Here we explain symptomes, diagnosis and course of the disease.
What is a Lipedema?
Lipedema is lipodystrophy accompanied by edema and pain. It develops as a result of a symmetrical increase in subcutaneous fatty tissue of predominantly the lower, in 30% of cases also of the upper extremities. In the case of this disease the adipose cells are enlarged and increase in numbers. The disease usually begins after puberty or pregnancy. Lipedema is a progressing disease that spreads in time and occurs almost exclusively in women. It is therefore assumed that, besides heredity, also hormonal causes are responsible for lipedema. Mostly only the legs, in some cases arms and legs and more rarely only the arms are affected.
Apart from the increase in subcutaneous fatty tissue there exists a disturbed porousness of the capillaries and consequently an increasing fluid volume reaches interstitial tissue from the vascular system.
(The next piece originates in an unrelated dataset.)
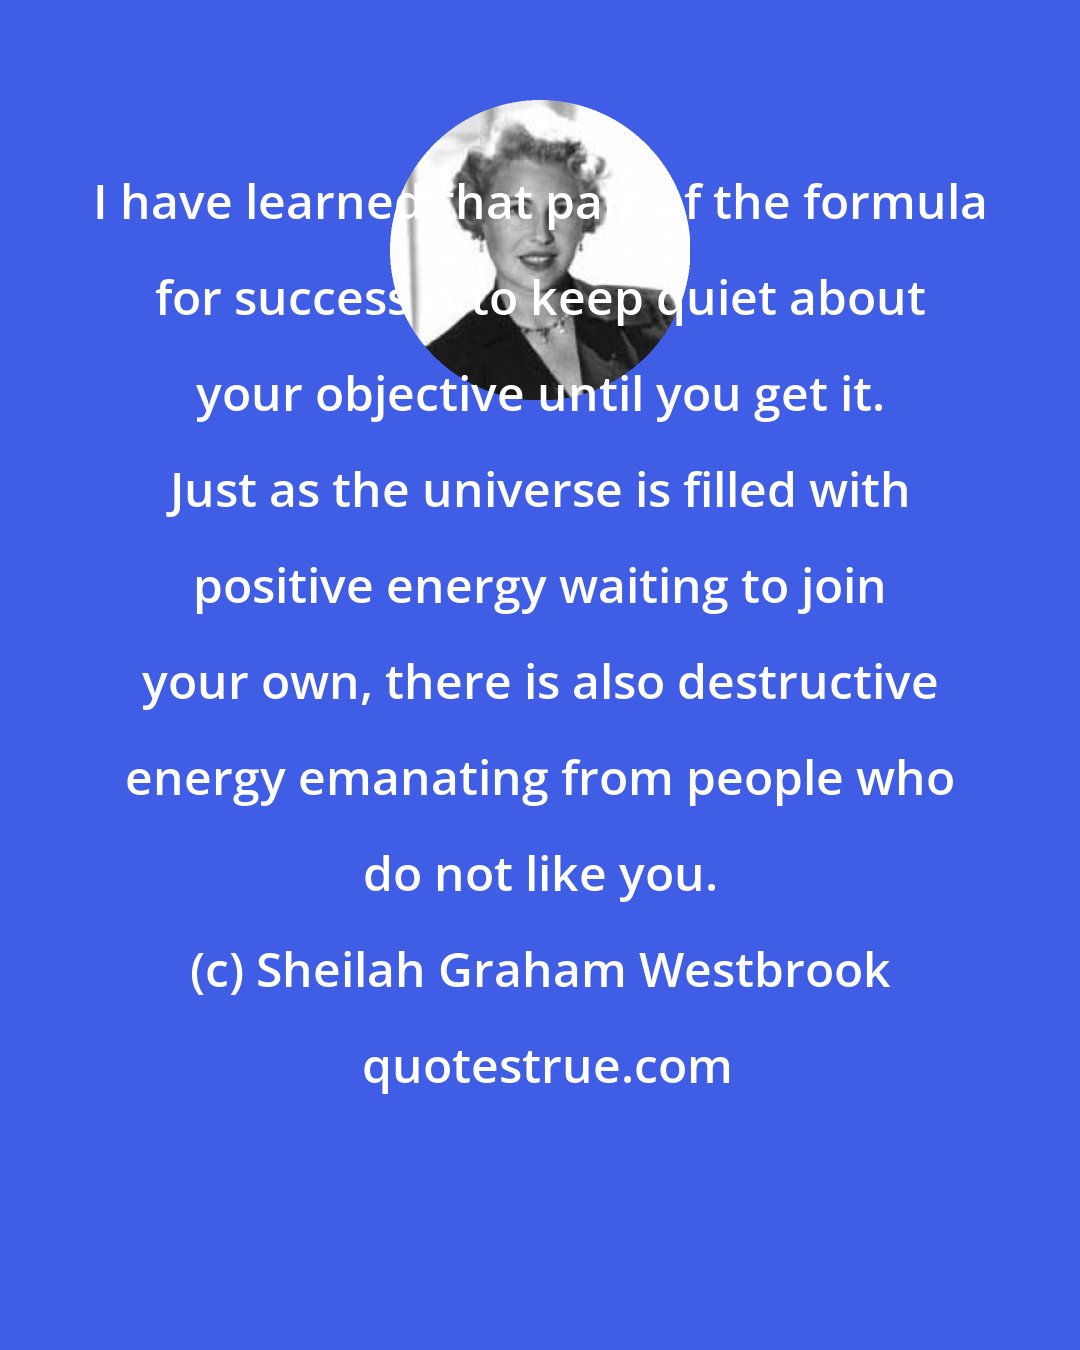 Sheilah Graham Westbrook: I have learned that part of the formula for success is to keep quiet about your objective until you get it. Just as the universe is filled with positive energy waiting to join your own, there is also destructive energy emanating from people who do not like you.

The disturbance is also the reason for an increased tendency on the part of the patient to develop bruises (haematoma). Due to the increased fluid supply the lymphatic vessel system, which functions normal at first, reacts by an increase in lymph transport. Due to the permanent strain on the vessels, the vessel walls change and thus reduce transport activity. When the resulting lymph cannot be transported, edema is the result.
Lipedema can greatly restrict the quality of life of afflicted persons. On the one hand, this is the result of their abnormal appearance due to the increase in girth and the disproportion between upper and lower body. On the other hand, patients suffer after standing or sitting for long periods of time as well as in the evenings from a feeling of tension and the affected areas are sensitive to touch and pressure. Lipedema develops as a symmetrical, saddle-bag type, spongy swelling from the iliac crest to the ankle. It is a characteristic of lipedema that it stops at the ankle or wrist. Feet and toes and hands and fingers are as a rule free of swelling or edema. The foot is in the case of edema not affected. Bulging on the inside of the thigh can disturb a person’s gait and because of chafing lead to tissue traumatisation.
A detailed medical history is essential for a diagnosis. The patient’s case history is examined more closely. Lipedema can be inherited so that symptoms typical of lipedema can also have occurred in other family members. On the one hand, characteristic is the time it occurred, on the other hand, the afflicted persons usually already show the mentioned disproportions between upper and lower body. The physician then closely inspects and palpates the affected body parts. Moreover, further imaging techniques, such as sonography (ultrasound) can be used.
Lipedema is often not even recognized or misdiagnosed as adiposity (obesity). In contrast to adiposity, which involves a generalised increase in fatty tissue of the whole body, diet or increased movement do not promise any success in the case of lipedema. If lipedema remains untreated, a mixture of lipedema and lymphedema (lipo-lymphedema) can develop. In case of lymphedema the back of the foot and toes also show swelling indicating the additional occurrence of lymphedema.
The Three Stages of Lipedema
Is the disease not treated, lipedema as a rule worsens and can also take on extreme dimensions. The disease develops in three stages:
The skin´s surface is smooth, subcutaneous tissue layer thickens and the fat structure is finely nodular.
During the second stage the skin’s surface becomes uneven and the fat structure becomes more nodular.
During the third stage tissue becomes also rougher and harder. Bulges develop with large deformed flaps of fat.